Eines ihrer wichtigsten Ziele, nämlich die Banken zu einer großzügigeren Kreditvergabe an die Wirtschaft zu bewegen, hat die EZB bislang nicht erreicht. Zum anderen erreichen die europäischen Aktienmärkte - insbesondere der Dax - befeuert durch die niedrigen Zinsen Woche für Woche neue Höchststände. Diese Entwicklung ist jedoch nicht durch die konjunkturelle Entwicklung in Europa unterlegt. Insbesondere für europäische Aktien sehe ich daher die Gefahr für eine Blasenbildung. Last but not least existiert derzeit auch keine wirkliche Deflationsgefahr, die extreme Maßnahmen rechtfertigen würde. Die heutige Entscheidung der EZB geht daher zu weit.
Die EZB hat die Markterwartungen mit der Zinssenkung erst einmal erfüllt. Große Überraschungen gab es nicht, von daher wundert es mich, dass der Euro jetzt nachgibt. Nun richtet sich die Aufmerksamkeit auf die Pressekonferenz mit EZB-Chef Mario Draghi, da wird sicherlich noch einiges kommen.
Die Zinssenkung war keine Überraschung. Aber es gibt den Hinweis der EZB, dass noch mehr kommt. Der Markt setzt offensichtlich darauf, dass eine starke Liquiditätsmaßnahme in hohem Umfang kommen könnte oder eine deutliche Andeutung, dass es QE durch die EZB geben könnte - deshalb fällt der Euro. Ich empfinde das allerdings als mutig, denn es könnten ja auch lediglich relativ schwache Maßnahmen verkündet werden.
Für sich betrachtet sind die Zinssenkungen und der negative Einlagezins eher symbolische Maßnahmen: Sie werden weder die Kreditvergabe in den Krisenländern maßgeblich verbessern noch das Deflationsrisiko deutlich mindern. Ich interpretiere sie aber als Startsignal und Anfang einer neuen EZB-Strategie einer stärkeren geldpolitischen Expansion. Als erste Schritte in einer Reihe von weiteren Maßnahmen in den kommenden Monaten sind sie bedeutungsvoll. Die EZB-Maßnahmen bergen große Risiken: Sie könnten die Blasenbildung und das riskante Verhalten von Banken noch verstärken. Allerdings wäre es noch riskanter und eine deutlich schlechtere Option, wenn die EZB nichts täte.
Ein negativer Zins auf die Einlagen der Geschäftsbanken bei der EZB wird kaum zur gewünschten Belebung der Kreditvergabe und des Interbankenmarktes führen. An Liquidität zur Kreditvergabe mangelt es im Eurosystem nicht. Es sind eher überschuldete Unternehmen beziehungsweise hohe Kreditrisiken, die in den Peripherieländern eine Ausweitung der Kreditvergabe verhindern. Die Banken werden daher vermutlich entweder ihre Überschussliquidität weiter abbauen oder lieber Verluste durch den negativen Einlagenzins in Kauf nehmen, als zu hohe Risiken an anderer Stelle einzugehen - etwa durch zusätzliche Interbankenkredite.

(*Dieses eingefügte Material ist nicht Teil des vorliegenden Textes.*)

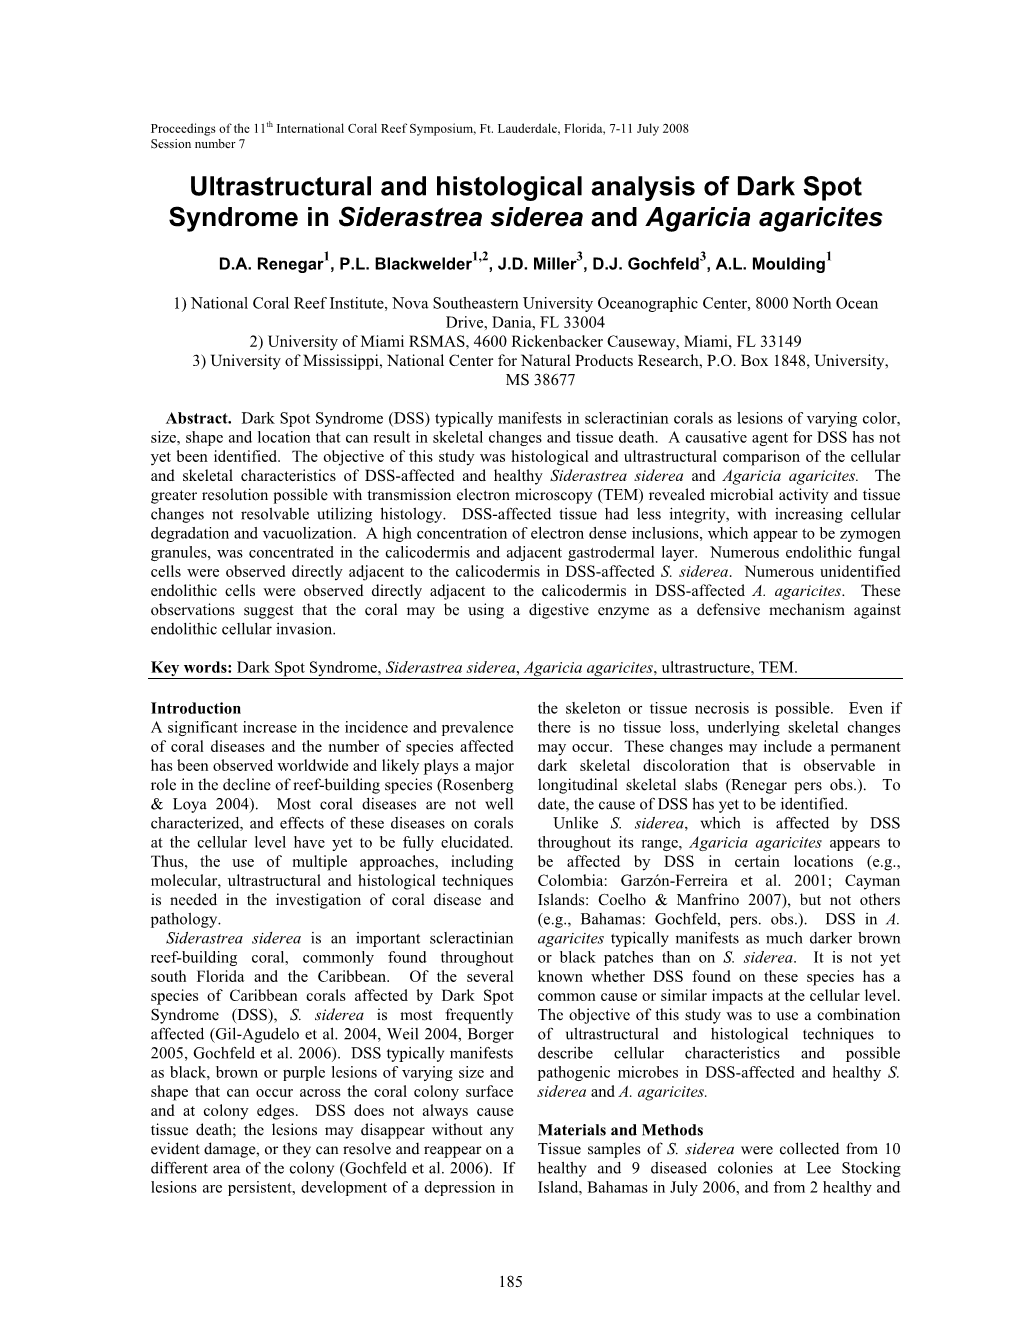 Ultrastructural and Histological Analysis of Dark Spot Syndrome in Siderastrea Siderea and Agaricia Agaricites
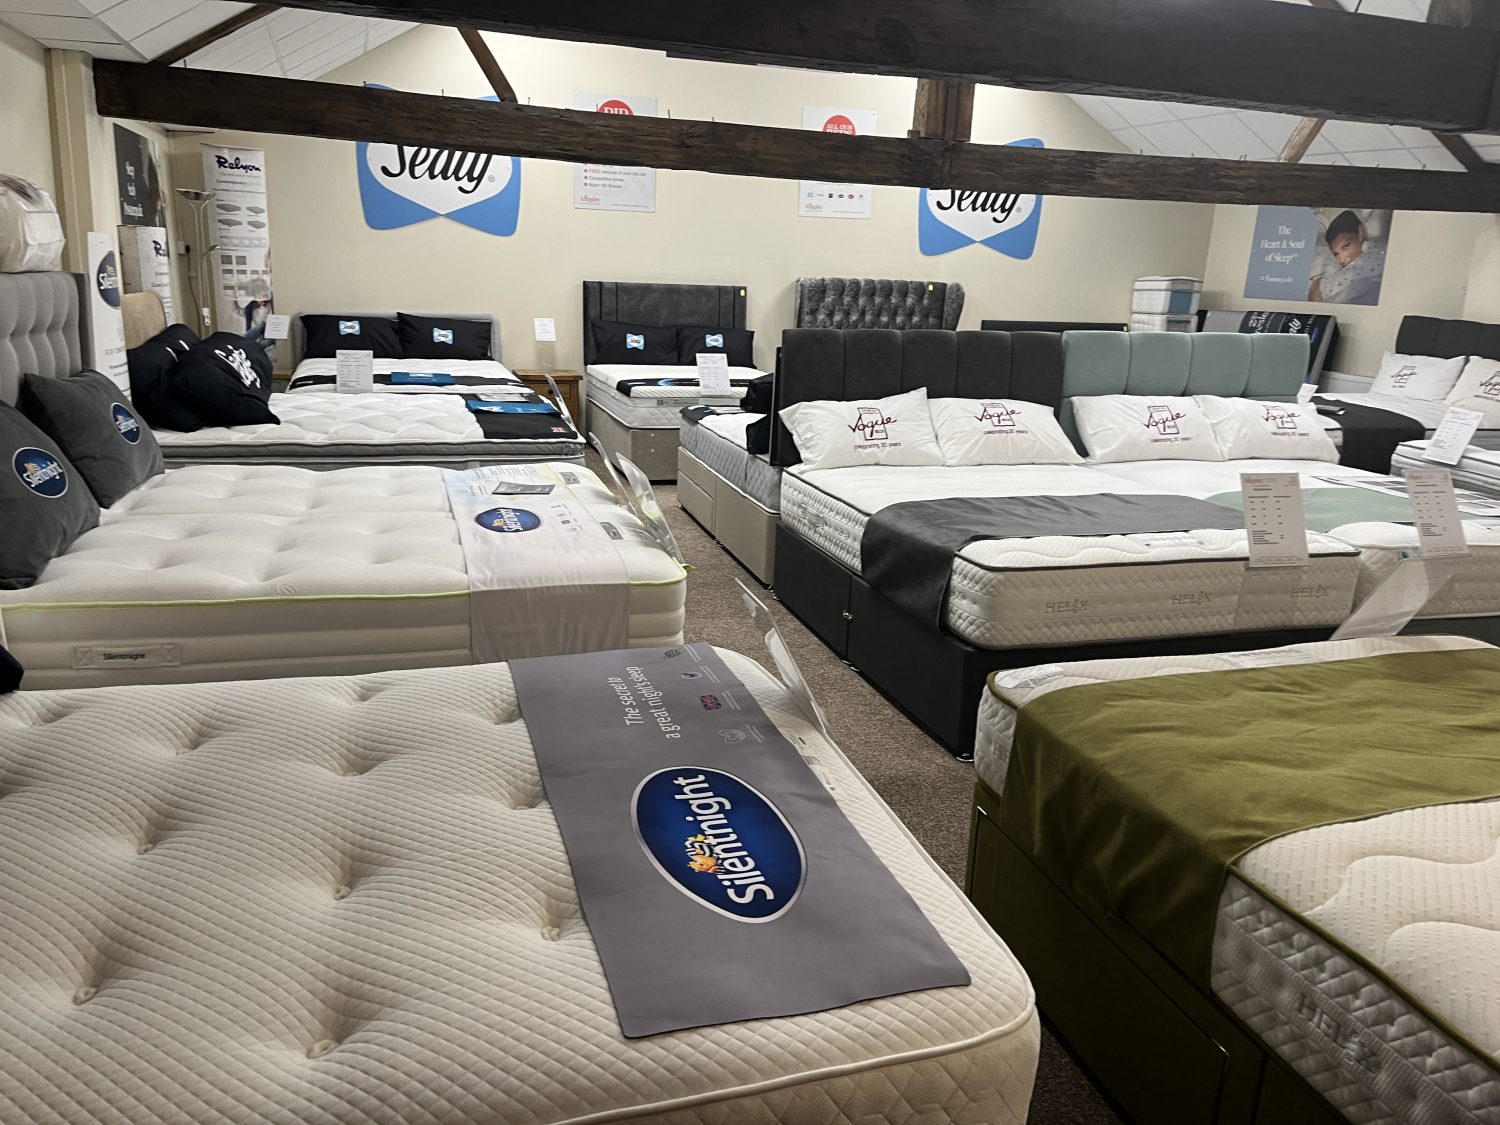 SEALY Beds @ our Frodsham store

Die EZB hat ihren Hauptrefinanzierungssatz nur um 10 Basispunkte auf 0,15 Prozent gesenkt und nicht wie von den meisten Beobachtern erwartet um 15 Basispunkte. Wenn die EZB ihre Politik in den kommenden Monaten noch einmal lockern wollte, könnte sie ihre Leitzinsen also noch einmal senken und müsste nicht direkt zum Hammer der Staatsanleihenkäufe greifen. Der negative Einlagenzins führt nicht dazu, dass die Banken in den Krisenländern mehr Kredite an die Unternehmen ausreichen. Denn die Banken leiden nicht unter vermeintlich zu hohen Notenbankzinsen, sondern unter dem hohen Bestand fauler Kredite, an dem Negativzinsen nichts ändern. Die wahren Nutznießer des negativen Leitzinses sind die Finanzminister der hoch verschuldeten Krisenländer.
Die Zinssenkung von heute gibt wenig neue Impulse für richtiges Wachstum. Die EZB muss daher vielleicht sogar noch mehr tun. Für die Sparer ändert sich mit dem heutigen Schritt wenig. Die wichtigste Einkommensquelle für die überwältigende Mehrheit aller Europäer ist ohnehin das Gehalt, der Lohn oder die beitragsfinanzierte Rente. Das alles steigt nur, wenn die Wirtschaft wächst. Dann steigen auch die Zinsen an den Finanzmärkten - übrigens auch ohne die EZB - wieder, denn es wird mehr investiert und die Nachfrage nach Kredit steigt. Wie wir das schaffen, darüber sollten wir derzeit vor allem nachdenken.